5.4.1 Concept of Axion Helioscopes

A typical axion helioscope requires at least two key components: a powerful magnet and one or more high-sensitivity, ultralow background X-ray detectors. In latest implementations of the concept, as shown in Fig. 5.8, an X-ray focusing device is added at the end of the magnet to concentrate the signal photons and increase the signal-to-noise ratio. Such an X-ray telescope also enables the use of large cross-sectional magnets (to boost conversion probability) and simultaneously small-area detectors (to enable ultralow background levels), which in combination boost helioscope experiments to the next level. By aligning the magnet with the core of the Sun and tracking its movement, an excess of X-rays at the end of the magnet is expected as compared to background measurements when the magnet is not pointing at the Sun. The helioscope detection concept was first proposed in the 1980s [5, 33] and initially experimentally implemented by Lazarus et al. with a few hours of data acquired [34]. Later, the second-generation helioscope SUMICO [35] was built at the University of Tokyo, providing the first self-consistent limit to solar axions compatible with solar physics.
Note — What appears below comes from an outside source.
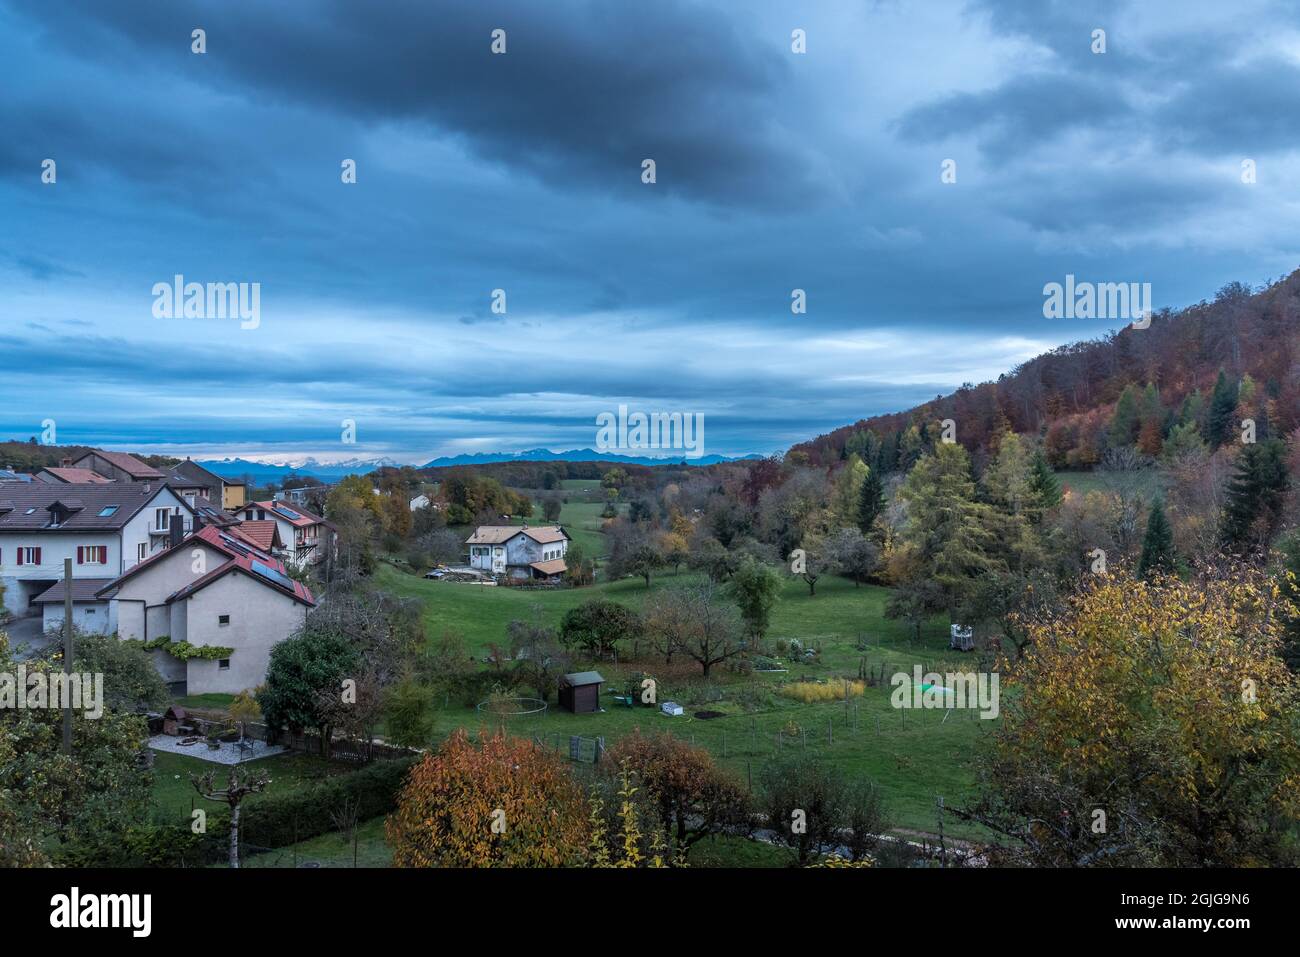 Vue sur une campagne suisse typique avec ciel nuageux. Photo de haute qualité Banque D'Images

During the last two decades, the helioscope principle has been advanced by the CERN Axion Solar Telescope (CAST [13, 25,26,27,28,29,30,31]) pushing the sensitivity to solar axions significantly due to innovative concepts employed by the experiment: a superior magnet, X-ray optics, and enhanced detectors. The next generation of axion helioscopes, the International AXion Observatory (IAXO, [36,37,38,39]) and its intermediate-scale phase BabyIAXO, will build on these improvements and further enhance solar axion searches by pushing sensitivities far beyond the ones reached by CAST.

Fig. 5.8
figure 8

A conceptual setup of an axion helioscope using X-ray focusing to enhance the experimental sensitivity. Axions from the Sun are converted in a strong transverse magnetic field and the emerging photons are then focused by an X-ray telescope into a small focal spot. A low background detector is located in the focal plane of the optics to capture an image of the photons produced by conversion from axions. Figure adapted from Ref. [36]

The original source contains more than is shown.